§ **PROVIDED DATA**

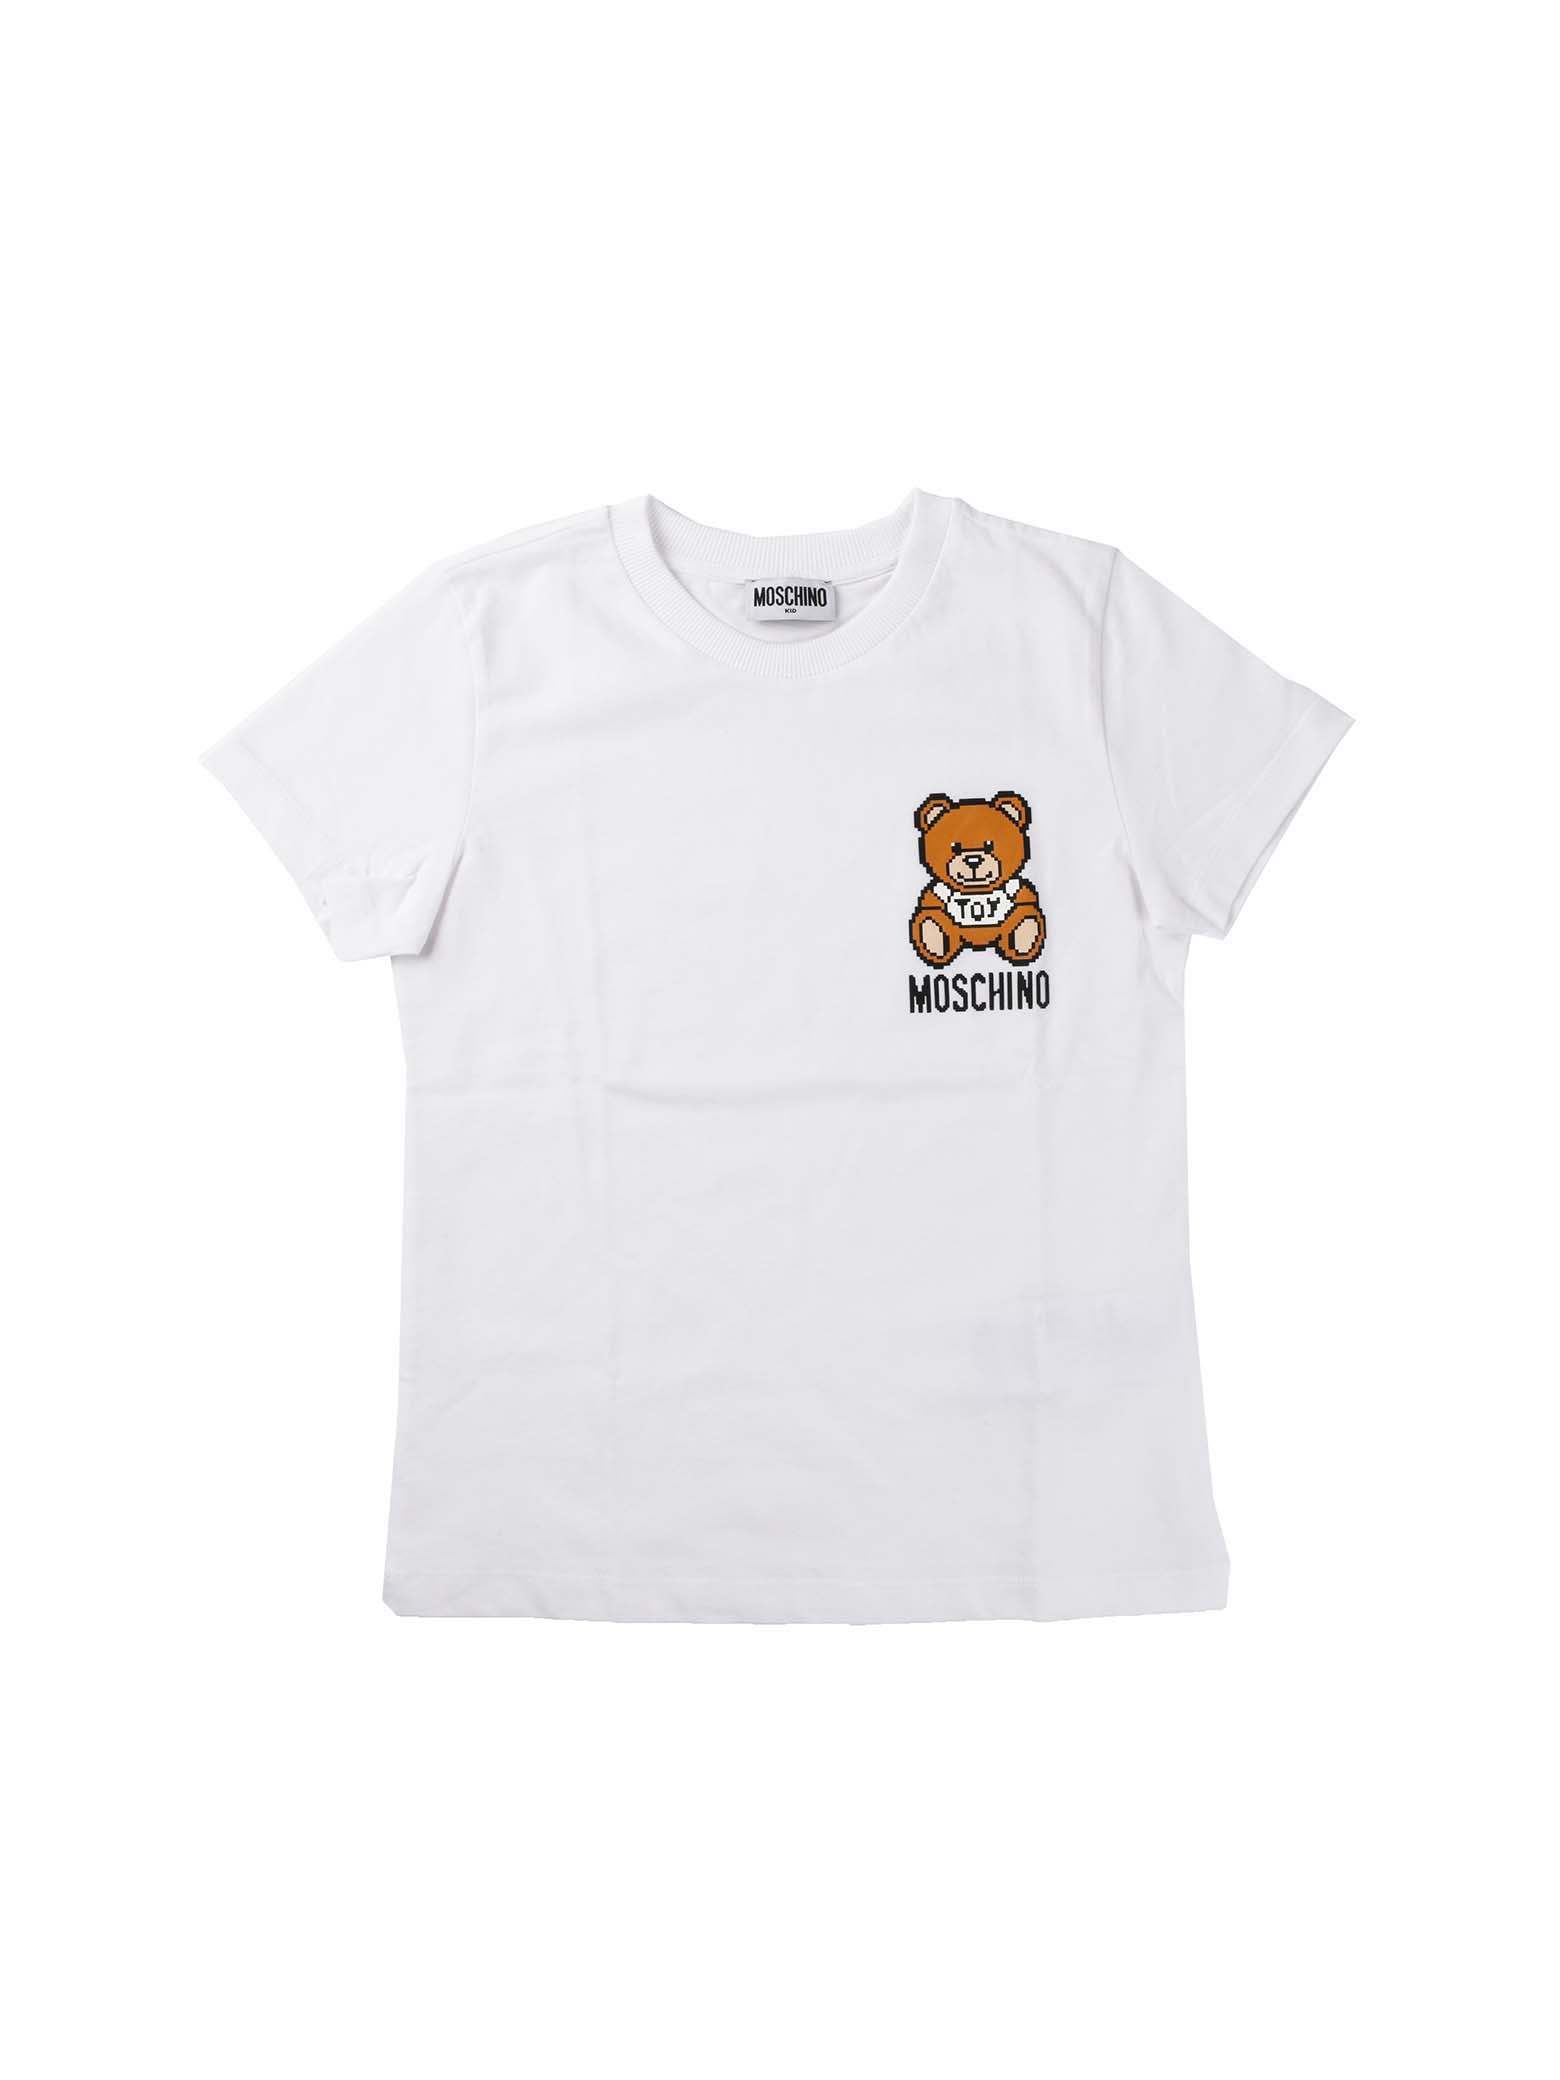 Moschino White Short Sleeve T-shirt With Bear Print
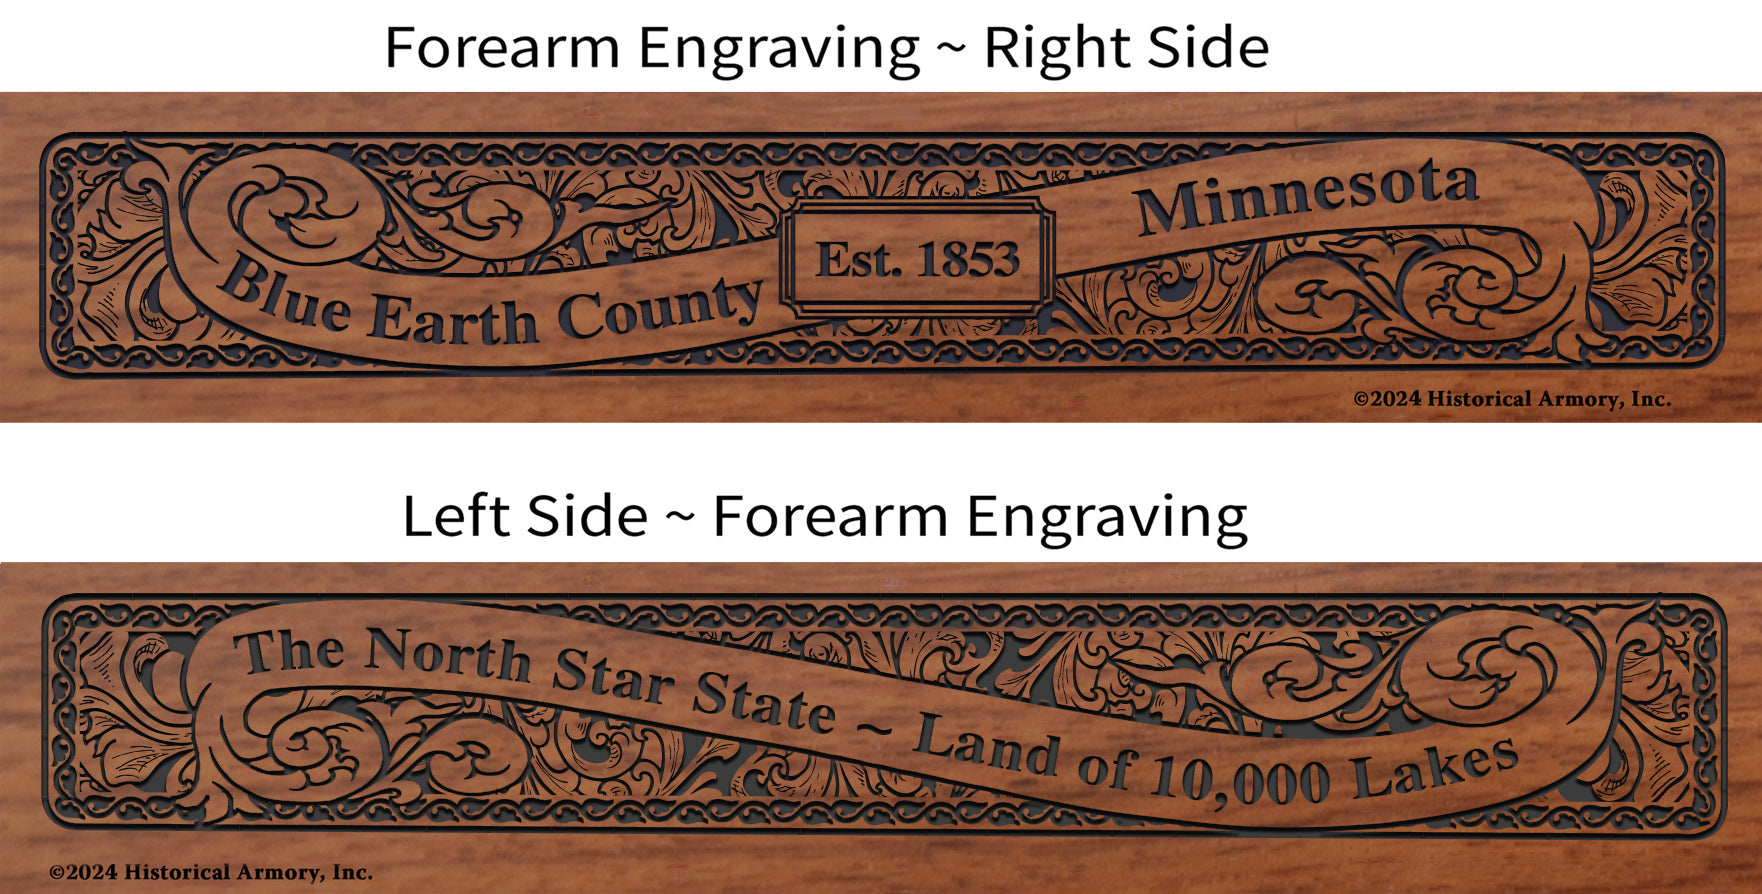 Blue Earth County Minnesota Engraved Rifle Forearm
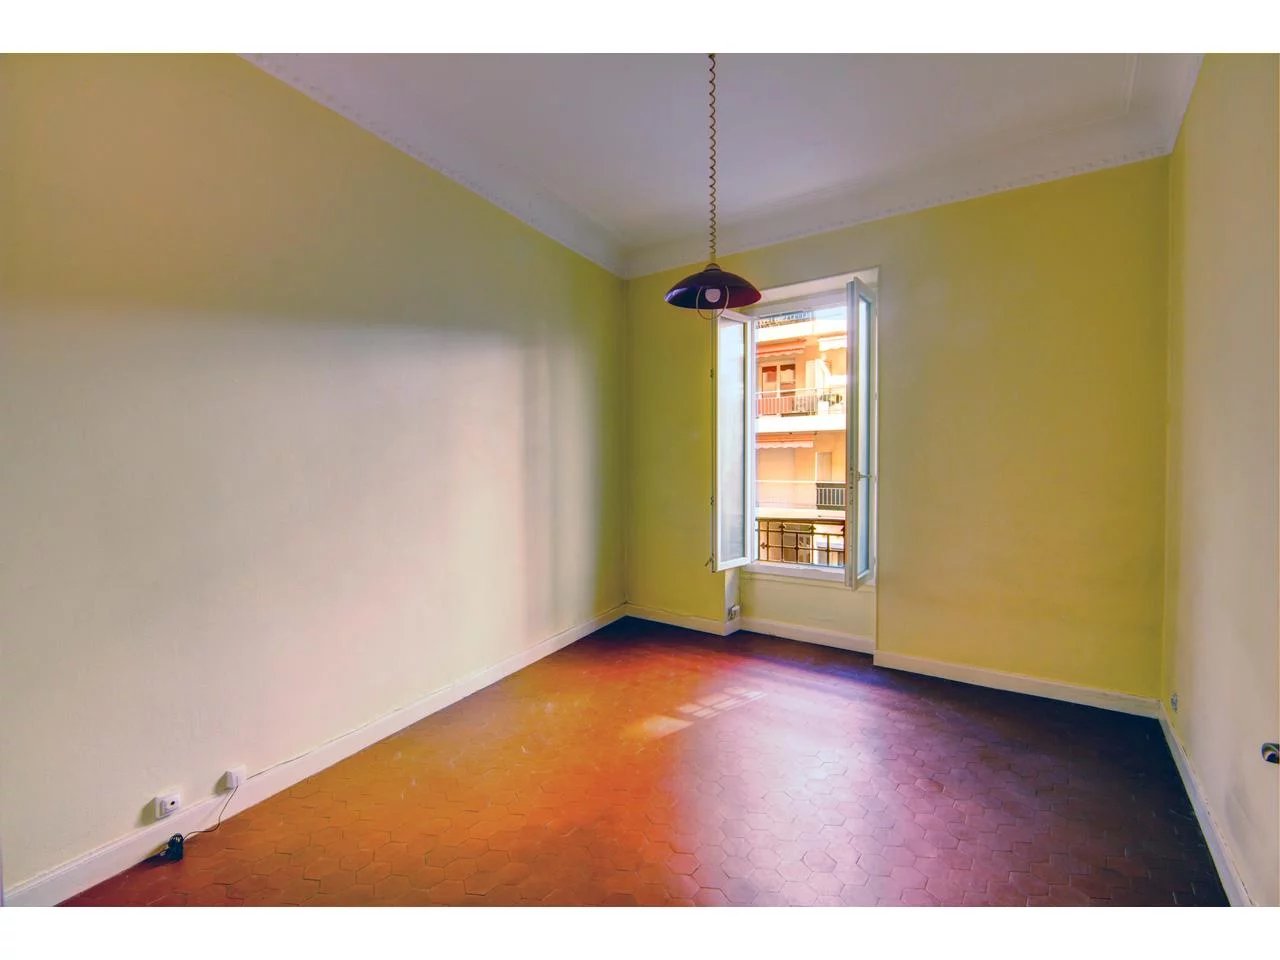 Appartement  2 Locali 48.77m2  In vendita   129 000 €

§ **WHAT YOU SHOULD DO**
Return the lines of the data above in full and exactly, with no pictures.

§ **SOLUTION FOR THIS EXERCISE**
 Moschino White Short Sleeve T-shirt With Bear Print
 Blue Earth County Minnesota Engraved Rifle Forearm
 Appartement  2 Locali 48.77m2  In vendita   129 000 €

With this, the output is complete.